Os resultados obtidos pelo método de controle sintético não apresentaram impacto significativo da reforma da lei de 0,05 BAC na Escócia sobre as taxas de acidentes de trânsito. A análise, que examinou diferentes períodos do dia, dias da semana, idades e sexos dos motoristas, além de tipos de acidentes e características das áreas urbanas e rurais, revelou que a lei não alterou as taxas de acidentes em nenhuma dessas condições. Os dados indicaram que não houve diferença nas taxas de acidentes durante o dia ou à noite, tampouco em finais de semana. Além disso, a lei não afetou acidentes envolvendo motoristas jovens, homens, ou em áreas com alta concentração de estabelecimentos licenciados para vender álcool. Em geral, os resultados confirmaram que a redução do limite de BAC não trouxe mudanças significativas nas taxas de acidentes rodoviários.
Segundo os autores, a ausência de efeito da política de limite mais rigoroso de BAC pode ser explicada por dois mecanismos principais. Primeiro, não houve melhoria na disponibilidade ou redução de custo de alternativas de transporte, como táxis e ônibus, após a reforma. Segundo, a aplicação da lei também não foi afetada, evidenciada pela constância no número de policiais, testes de bafômetro e prisões por dirigir alcoolizado. Além disso, a reforma não conseguiu reduzir o consumo de álcool entre os motoristas, nem alterou comportamentos relacionados, como uso de celular ao dirigir ou o cumprimento de outras normas de trânsito. Por fim, os resultados encontrados sugerem que a reforma não gerou mudanças comportamentais significativas entre os motoristas.

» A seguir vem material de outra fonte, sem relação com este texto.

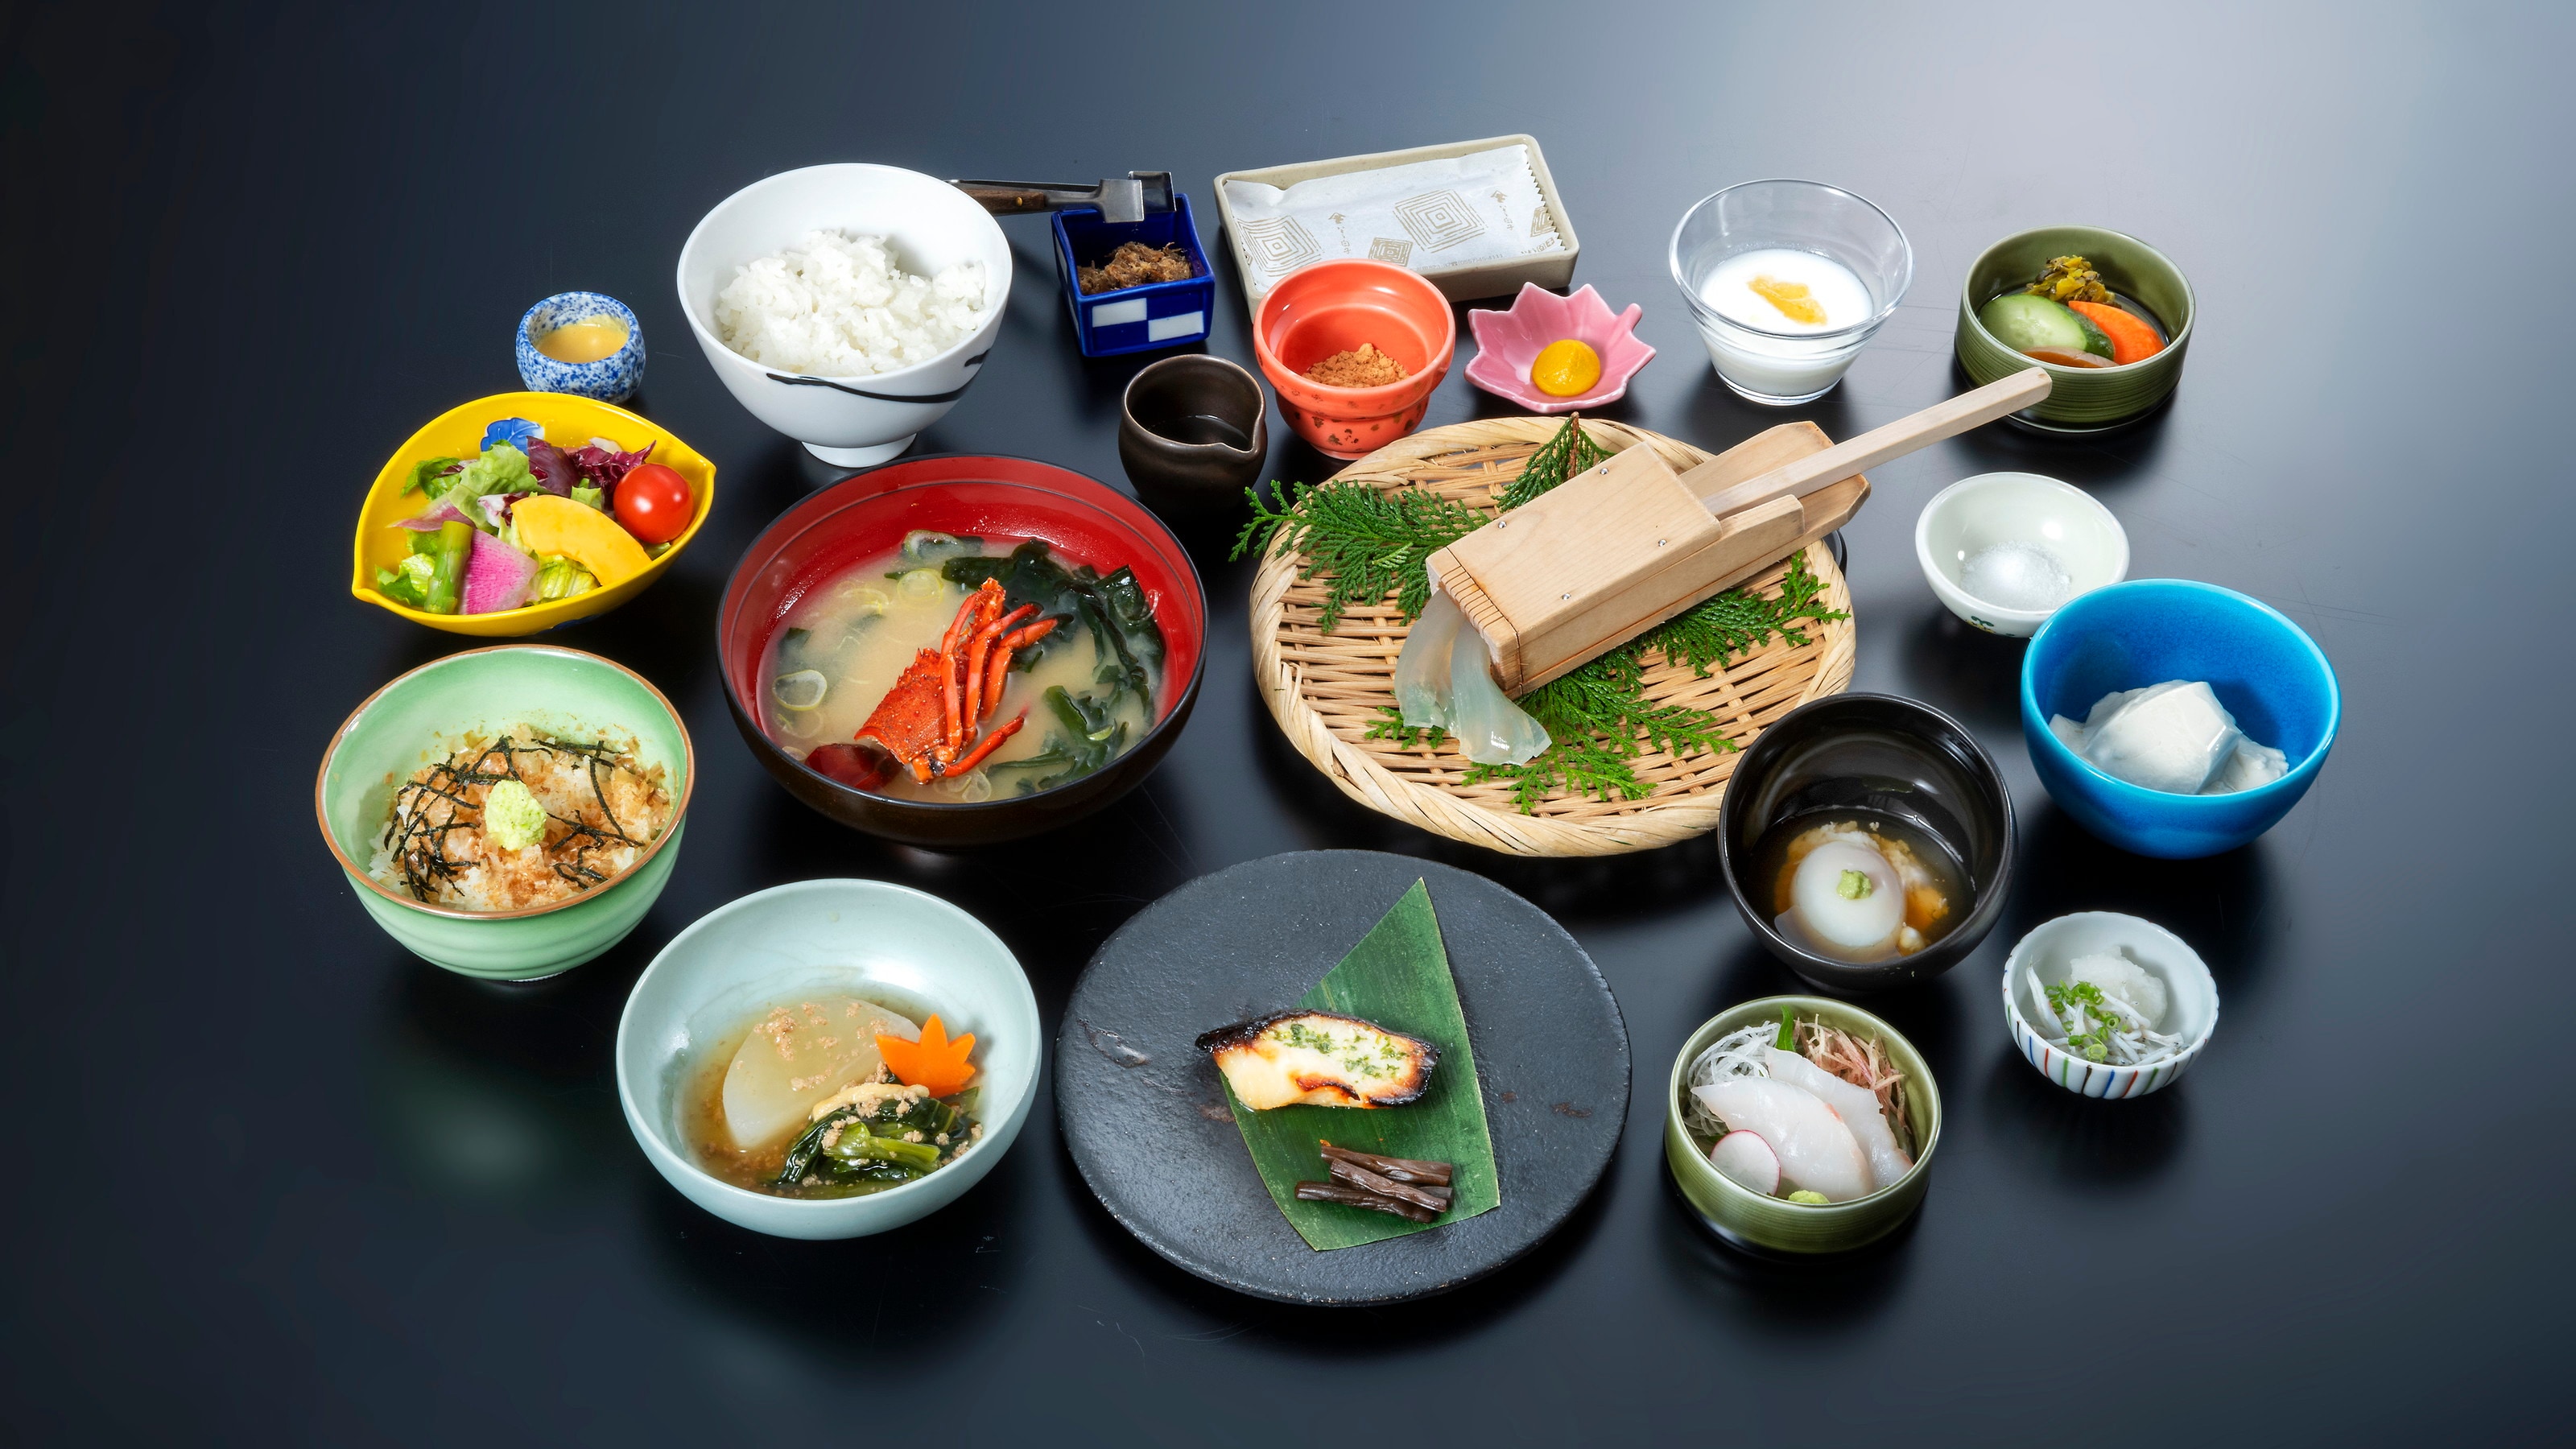 [Breakfast] Includes tokoroten, wasabi bowl, and homemade tofu. Homemade golden sea bream furikake is the most popular

Neste artigo, os autores investigaram como os acidentes de trânsito e os testes de álcool foram impactados pela Reforma DDL realizada na Escócia em 2014, onde foi implementada uma redução no limite de BAC permitido para os condutores de veículos no país. Os resultados mostraram que a reforma não teve um efeito significativo na taxa geral de acidentes, bem como nos acidentes graves, fatais e leves. Embora tenha sido observada uma redução na taxa total de acidentes em algumas análises, essa redução tornou-se insignificante quando ajustes adicionais foram feitos. Além disso, a análise revelou um aumento nos acidentes com motoristas que se recusaram a fazer o teste de álcool, mas nenhum impacto foi encontrado nos acidentes com testes positivos.

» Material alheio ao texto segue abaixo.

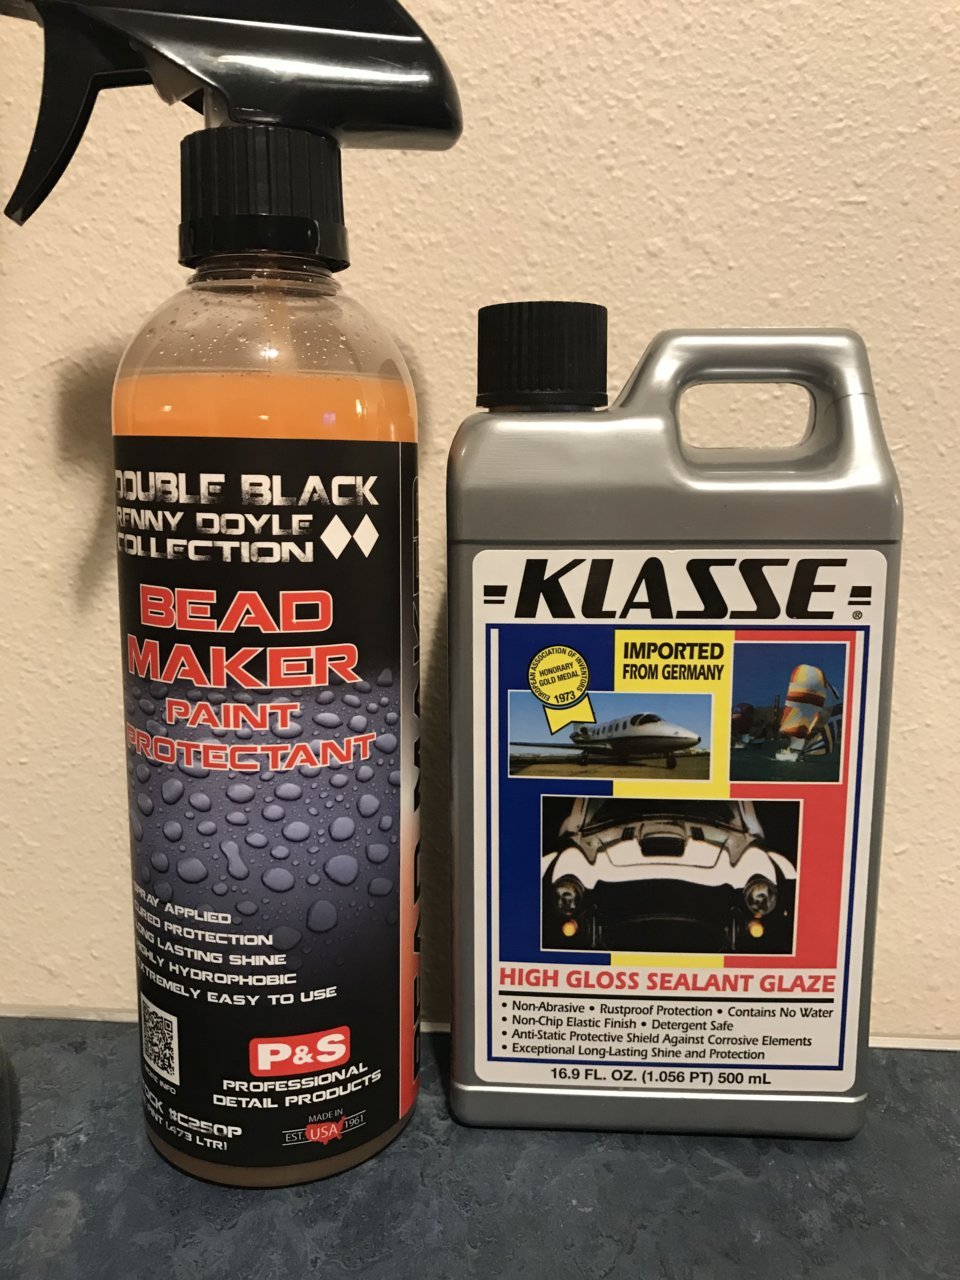 Meguiar's Whole Car Air Refresher, Odor Eliminator Spray Eliminates Strong  Vehicle Odors, Black Chrome Scent – 2 Oz Spray Bottle

Esses resultados indicaram que a redução do limite de BAC na Escócia não provocou mudanças substanciais nas taxas de acidentes de trânsito, mesmo quando considerados diferentes horários do dia, dias da semana e características dos motoristas. Para os formuladores de políticas públicas, isso indica que a reforma pode não ter alcançado o efeito desejado em termos de segurança viária. A análise reforçou a necessidade de uma avaliação mais detalhada das políticas de controle de álcool e de outras medidas que poderiam efetivamente reduzir acidentes de trânsito.
Referências
FRANCESCONI, M.; JAMES, J. None for the Road? Stricter Drink Driving Laws and Road Accidents. Journal of Health Economics, 2021.